PROVIDED DATA ->
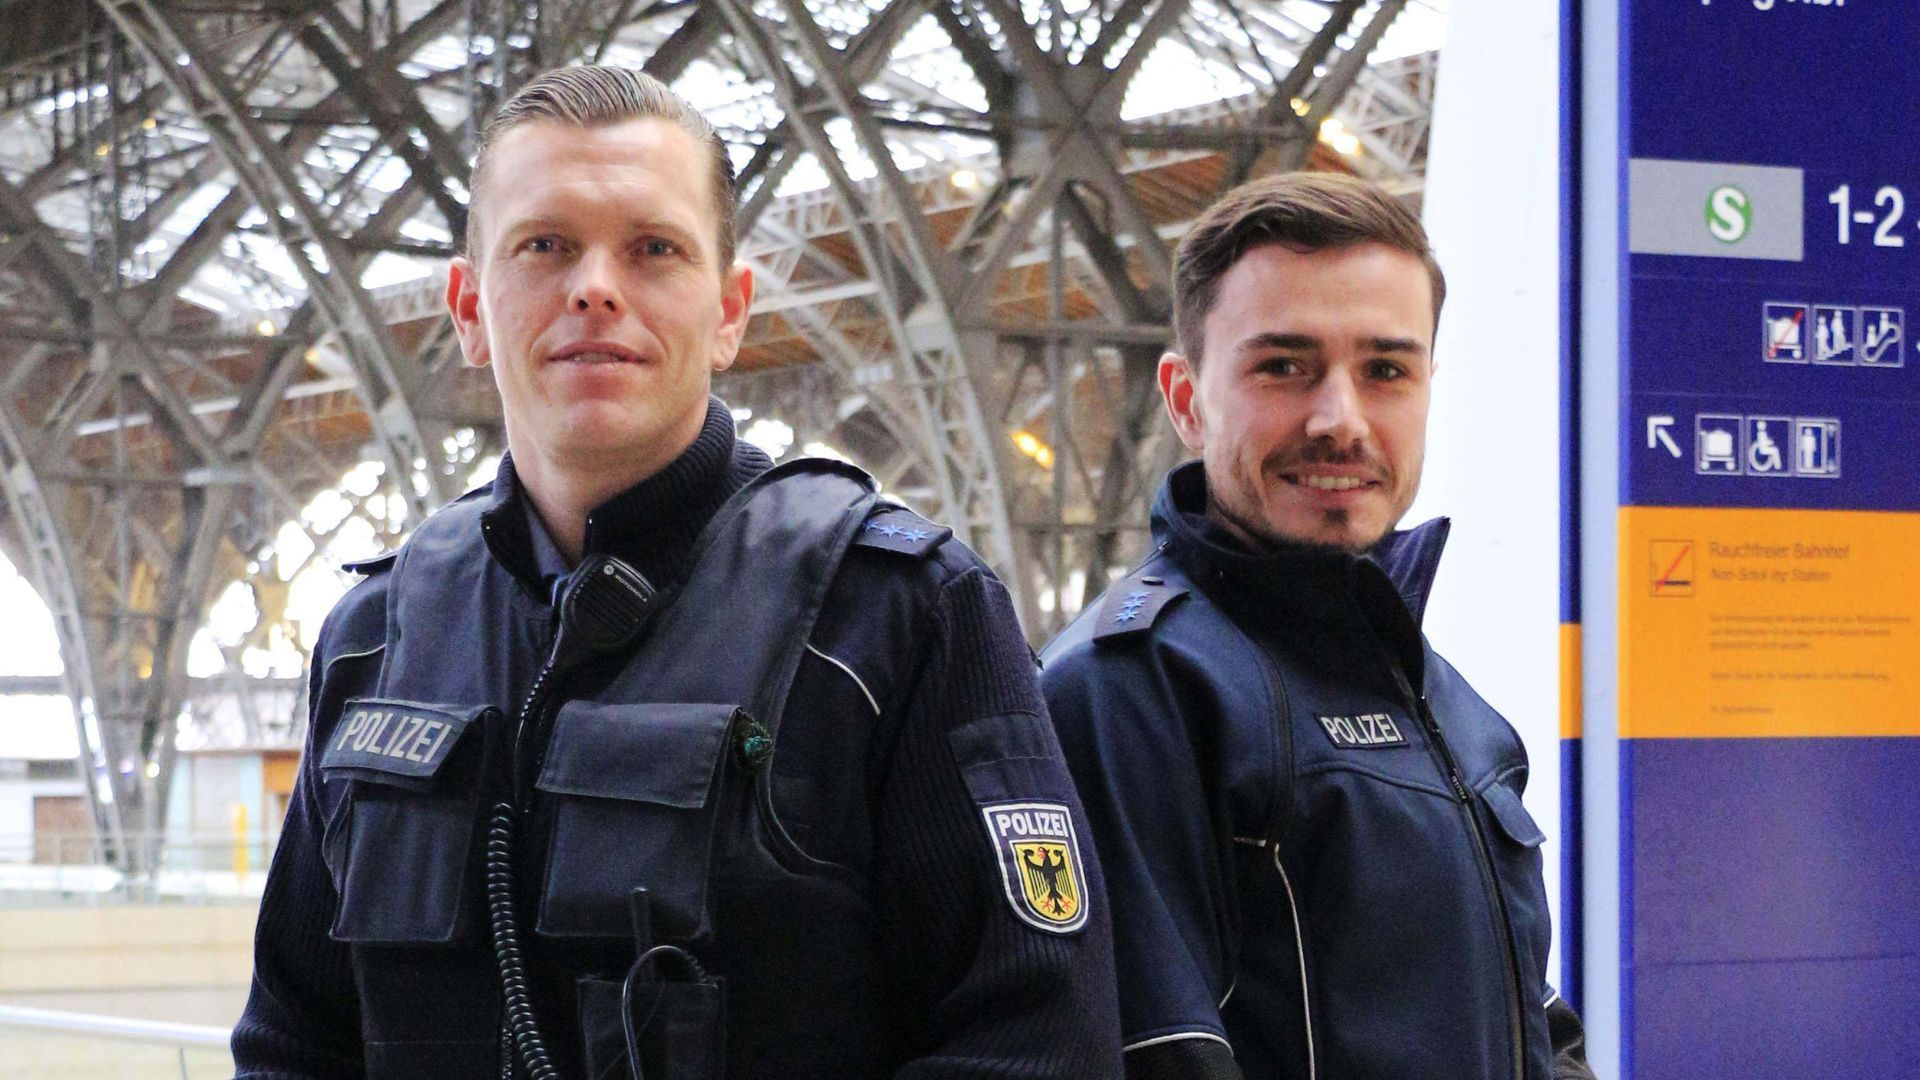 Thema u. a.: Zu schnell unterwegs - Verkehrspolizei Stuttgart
--
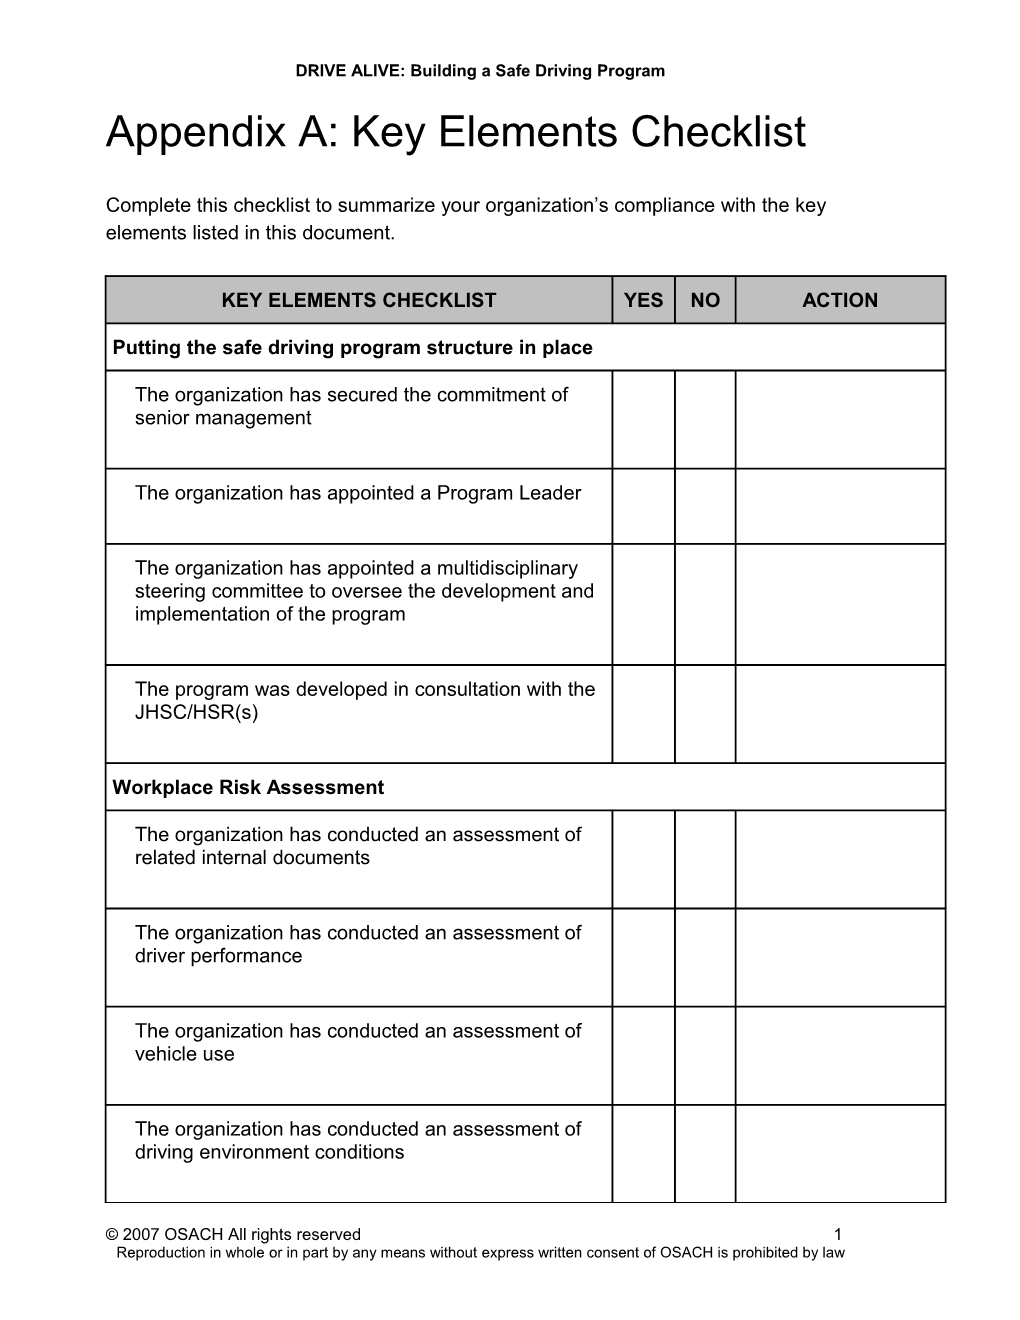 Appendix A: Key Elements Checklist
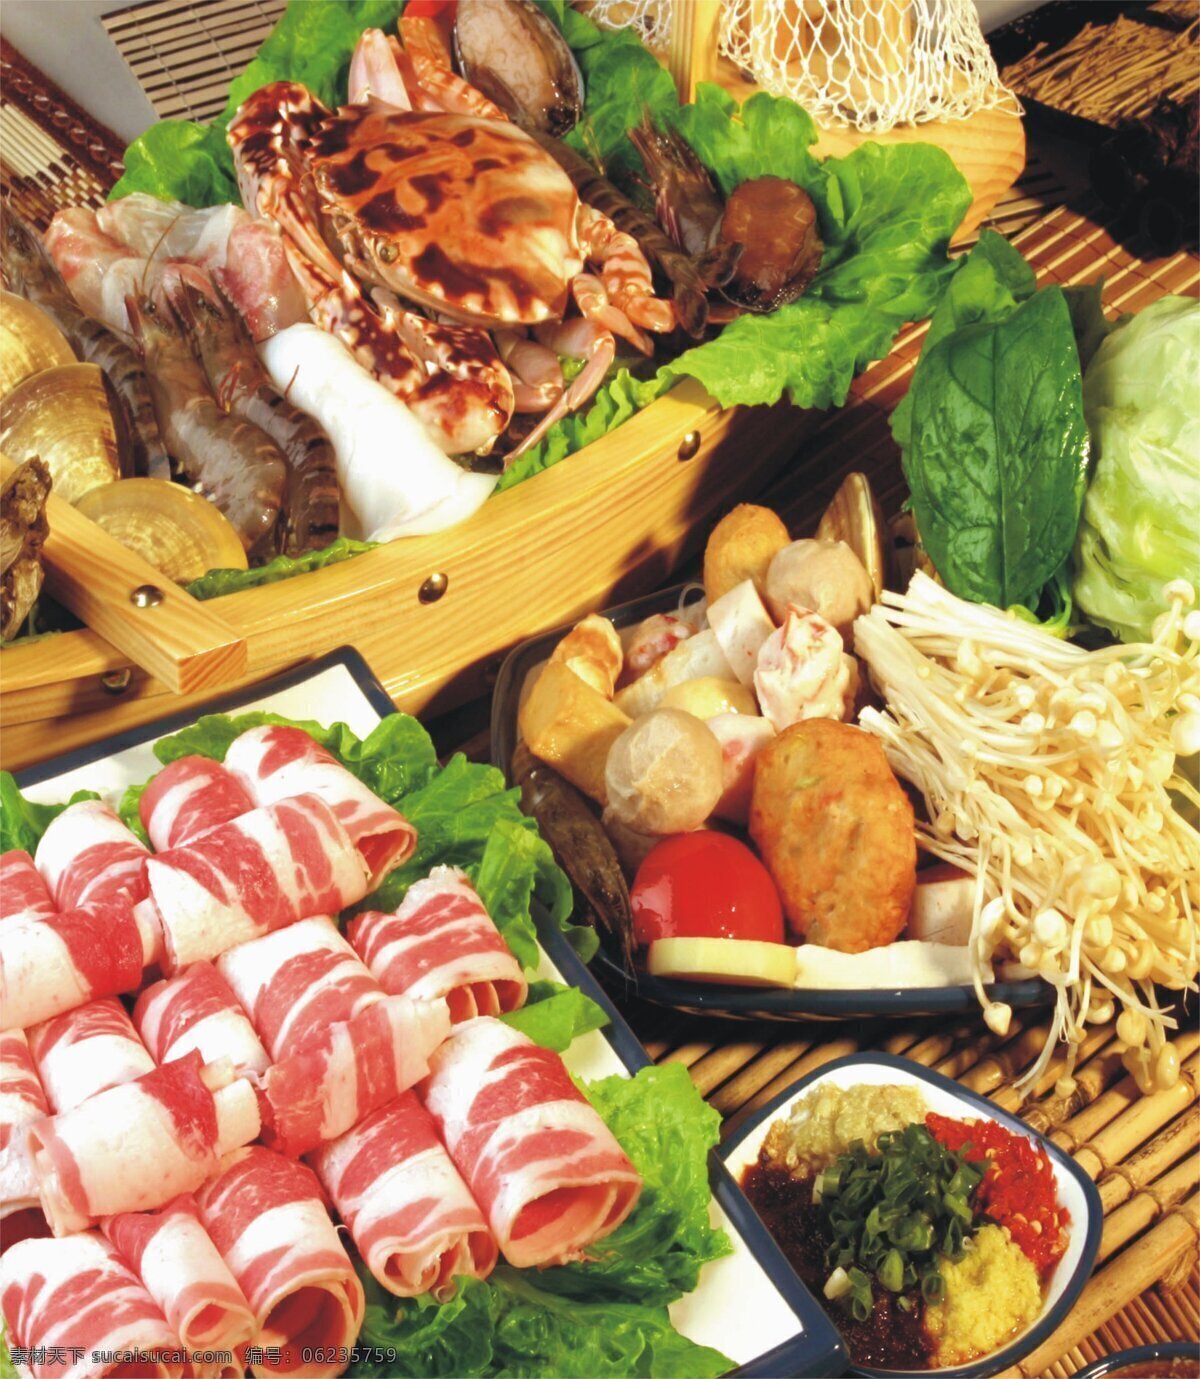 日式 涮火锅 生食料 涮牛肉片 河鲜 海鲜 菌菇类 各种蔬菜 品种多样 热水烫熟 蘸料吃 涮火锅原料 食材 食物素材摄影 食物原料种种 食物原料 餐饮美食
---
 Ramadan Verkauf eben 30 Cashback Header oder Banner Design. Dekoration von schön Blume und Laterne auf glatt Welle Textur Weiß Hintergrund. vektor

WHAT YOU ARE ASKED TO DO -> From the records above, transcribe exactly the lines starting at the one containing "Appendix A: Key Elements Checklist" and ending at the one containing "日式 涮火锅 生食料 涮牛肉片". Skip the pictures.

RESPONSE BOX ->
 Appendix A: Key Elements Checklist
 日式 涮火锅 生食料 涮牛肉片 河鲜 海鲜 菌菇类 各种蔬菜 品种多样 热水烫熟 蘸料吃 涮火锅原料 食材 食物素材摄影 食物原料种种 食物原料 餐饮美食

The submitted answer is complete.